In conclusion, the higher plasma 25(OH)D concentrations of ≥ 50 ng/ml or 125 nmol/L in this cohort were independently associated with 80% lower incidence rates of diabetes. However, a target threshold of 50 ng/ml or 125 nmol/L is considerably above that recently recommended by an expert consensus panel that considered all known benefits and risks of vitamin D, and suggested instead a threshold of 30 ng/ml or 75 nmol/L [51]. As a result the possibility of a threshold higher than 30 ng/ml or 75 nmol/L should be approached with caution, pending replication of the findings [50].

Our study does not solve the basic question of whether individuals may need to seek vitamin D supplementation if needed to maintain a concentration of 30 ng/ml or 75 nmol/L, despite the possibility of any toxicity. A recent placebo-controlled randomized trial of a vitamin D weekly bolus supplement for pre-diabetes patients failed to prove a beneficial effect on 5-year incidence of diabetes [52]. Sufficient 25(OH)D levels obtained naturally from sunlight and food, not supplementation, might be more relevant than supplementation to reduce risk of diabetes. Larger cohort studies or long-term clinical trials would be desirable to help confirm whether this association is causal.

This study used a single measurement of 25(OH)D during a longitudinal study, since no other measurements were available. These measurements may have been more representative of serum levels during the 12.5 years of follow-up if two or more measurements had been made. The single measurement would have been of greatest concern if the study had found no association, since the absence of an association could have been due to use of a single measurement.

However an inverse association of 25(OH)D with incidence of diabetes was detected in this study despite the use of a single baseline measurement. It is possible that more associations could have been detected if there were more measurements of 25(OH)D during follow-up. On the other hand, 25(OH)D concentrations tend to be somewhat stable over time in adults [3]. The question of stability of season-specific 25(OH)D concentrations in adults over periods of 5 years or longer should be further studied in cohorts that have used multiple measurements during follow-up [3].

Both major metabolites of vitamin D were studied to determine whether an association was present for both. Only a low concentration of 25(OH)D is usually associated with diseases that are due to vitamin D-deficiency [1]. However the authors measured the 1,25(OH)2D concentration to confirm that the association was only for 25(OH)D and not present for 1,25(OH)2D. 1,25(OH)2D is tightly homeostatically regulated, and typically does not vary greatly among individuals [1, 29].

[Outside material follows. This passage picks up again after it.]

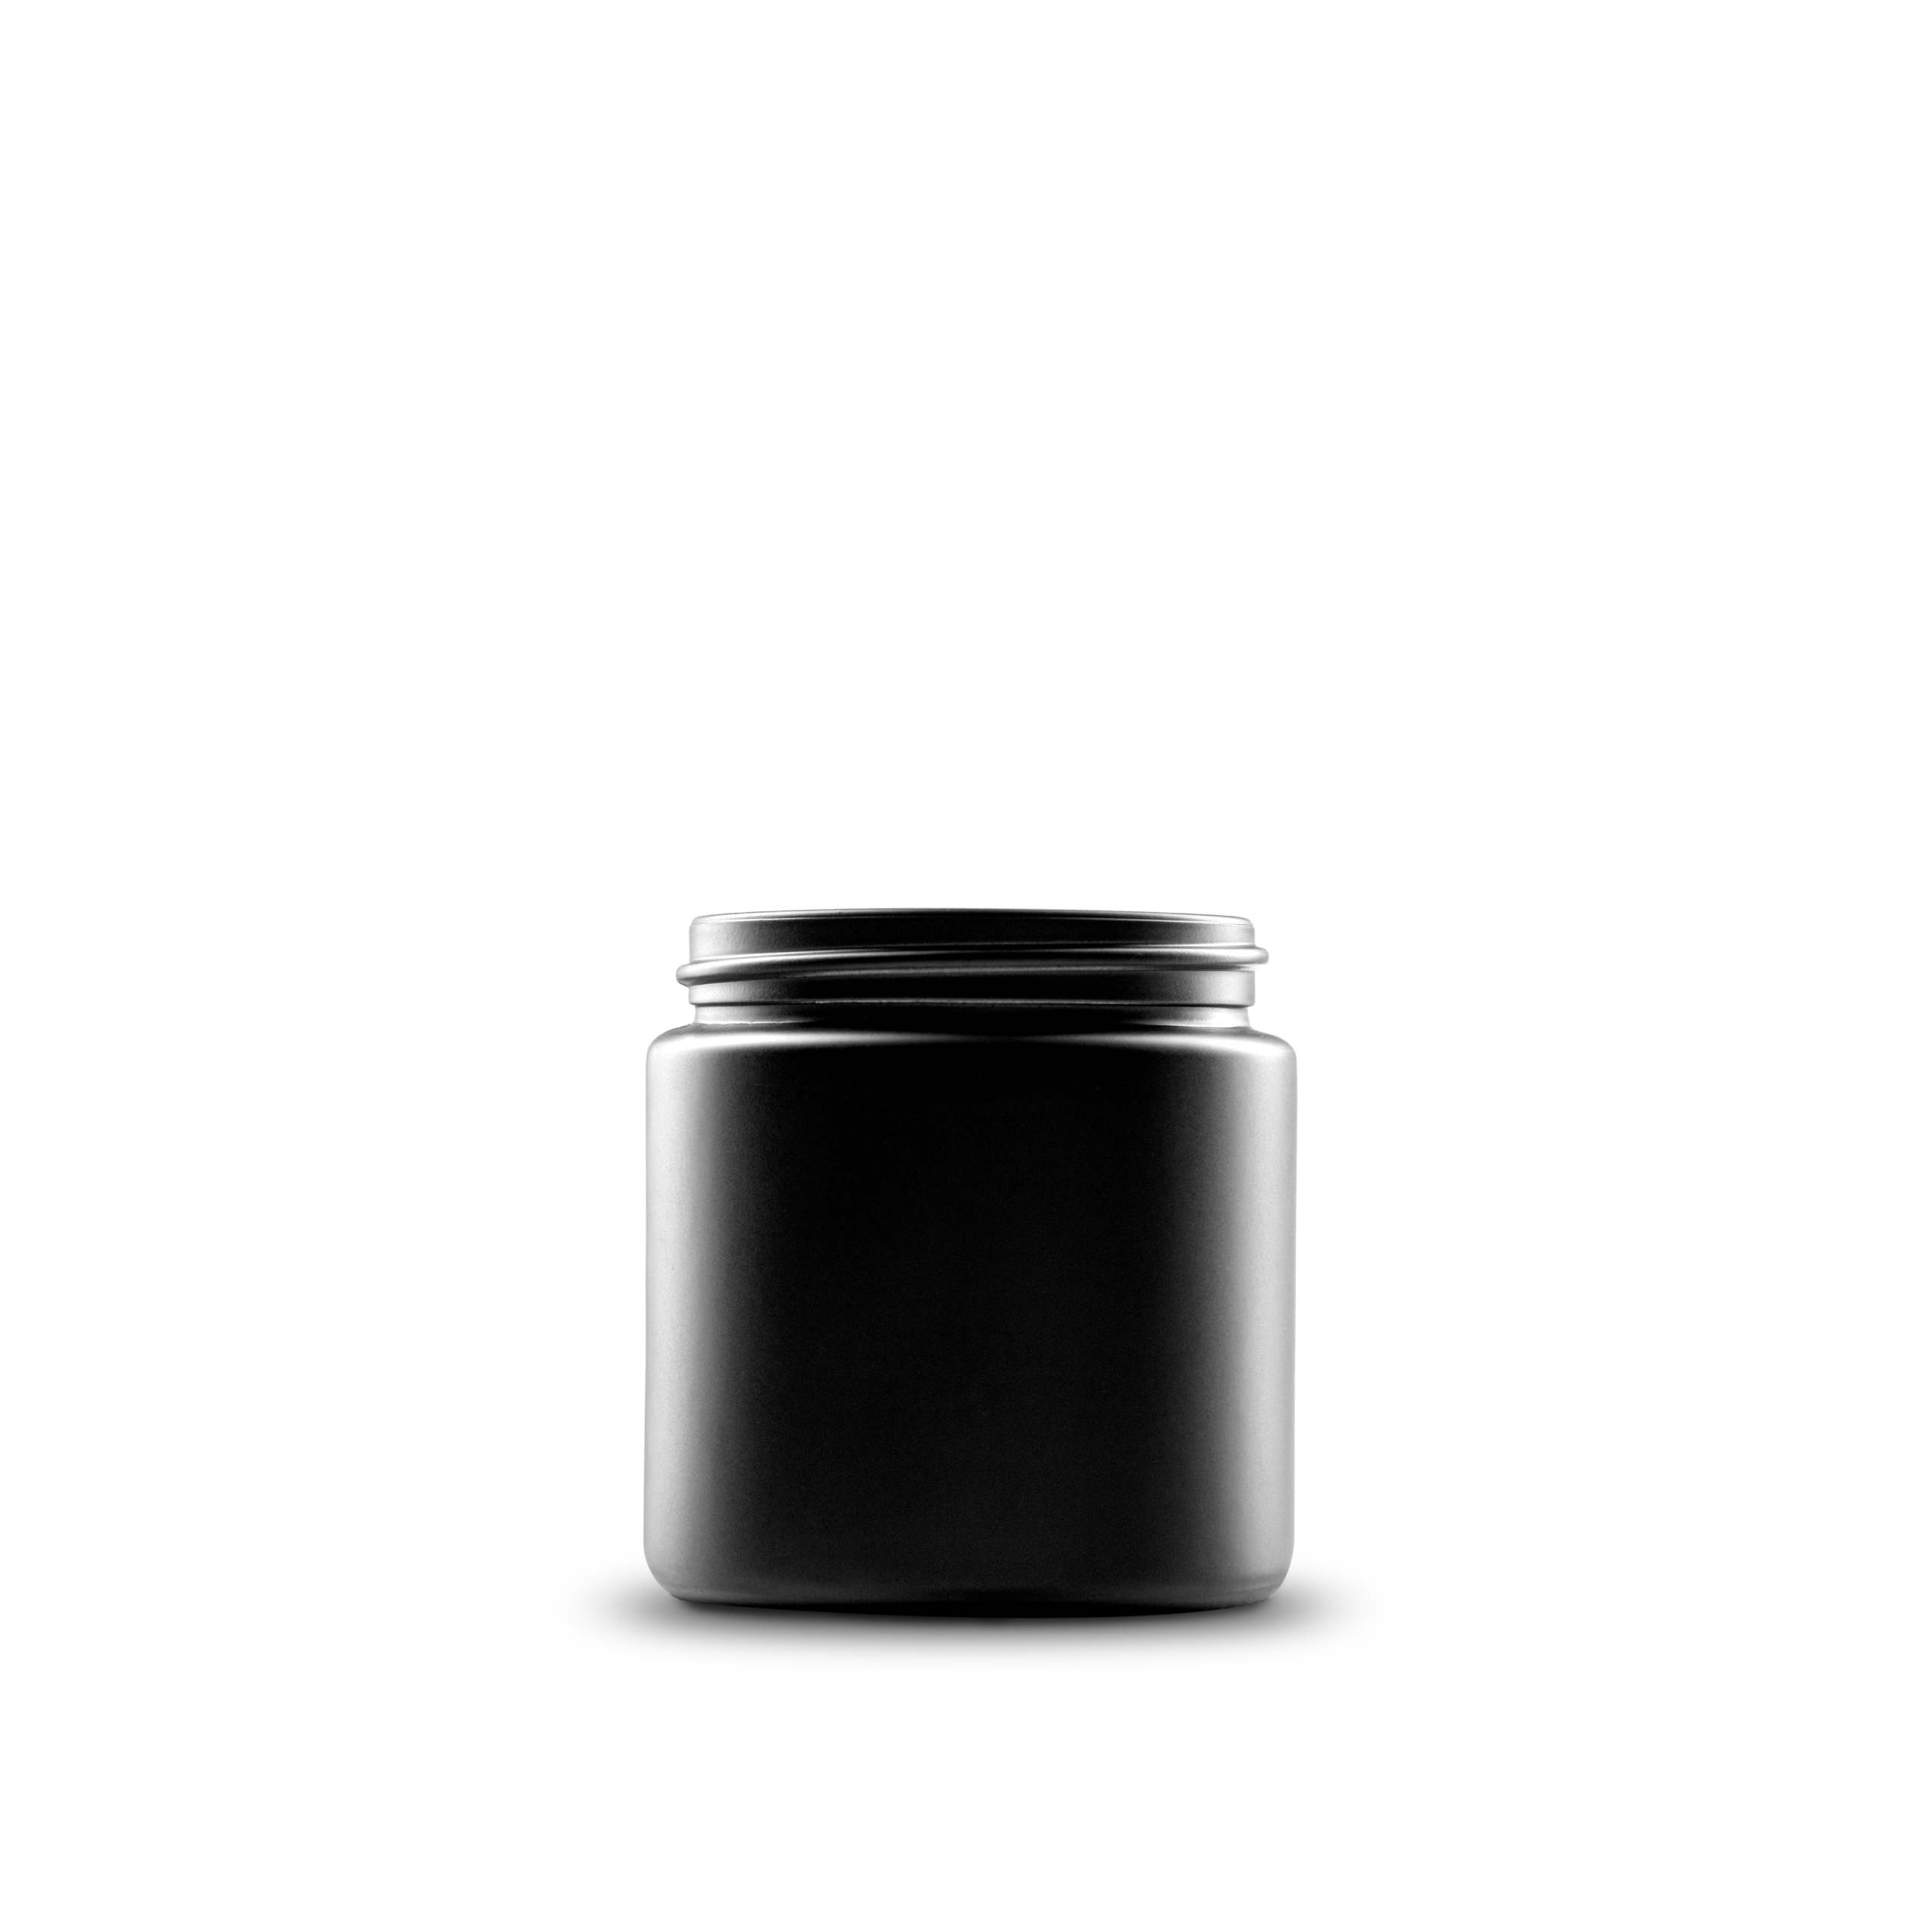 4 oz Black Frosted Glass Straight-Sided Round Jar 58-400 Neck Finish

Serum 25(OH)D is generally accepted as the standard measure of vitamin D nutrition [1]. Most tissues can enzymatically convert it to 1,25(OH)2D [1]. In retrospect, measurement of 25(OH)D alone would have been adequate to test for an inverse association between vitamin D nutritional status and risk of diabetes. This study found no association of 1,25(OH)2D with risk of type 2 diabetes. We therefore do not suggest any benefit from measuring 1,25(OH)2D in future studies of the etiology of type 2 diabetes.

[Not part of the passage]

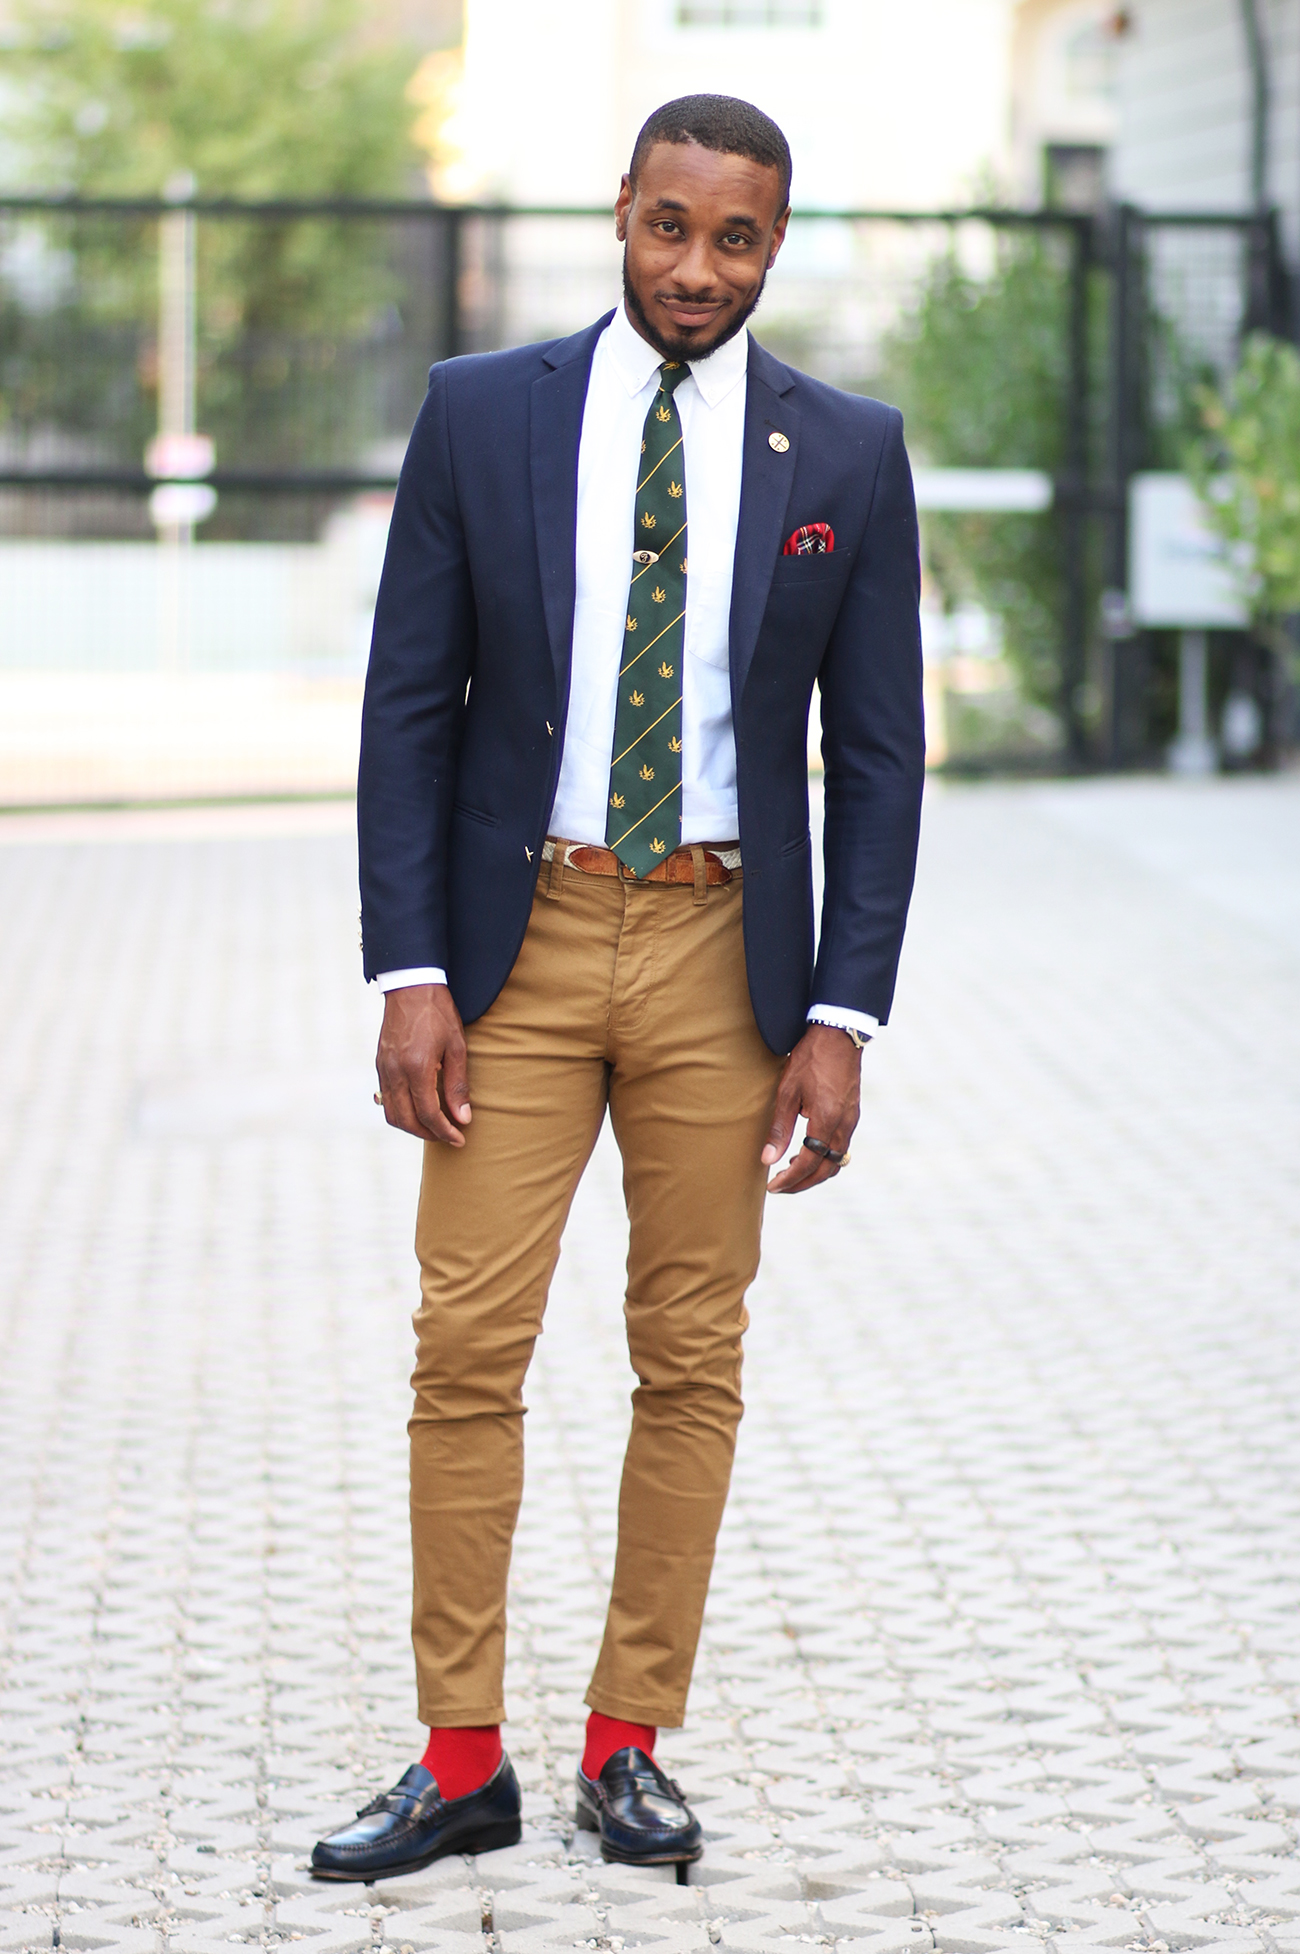 STYLE UNIFORMS FOR BACK-TO-SCHOOL – Norris Danta Ford

A decision was made in 1997 to include all members of the cohort who were alive. No sampling was done, so there was no design need for a formal sample size calculation. Lower than optimal power may have caused this study to miss the chance of detecting a true association, such as an inverse association between plasma 25(OH)D and risk of type 2 diabetes. However this association emerged as statistically significant. Still, the size of the present cohort may have been inadequately large to detect associations with other covariates. Therefore this study should not be used to rule out such associations.

Vitamin D supplementation only occurred in participants who were also taking calcium supplements. Therefore it was not practical to perform a separate analysis for vitamin D supplements.

Supporting information


The authors thank Ms. Jacqueline Bergstrom, statistician for the Rancho Bernardo Study, Department of Family Medicine and Public Health, University of California, San Diego, for her help. We also thank Ms. Susan Orlofsky for her skilled efforts in preparing the manuscript for publication and her tenacity.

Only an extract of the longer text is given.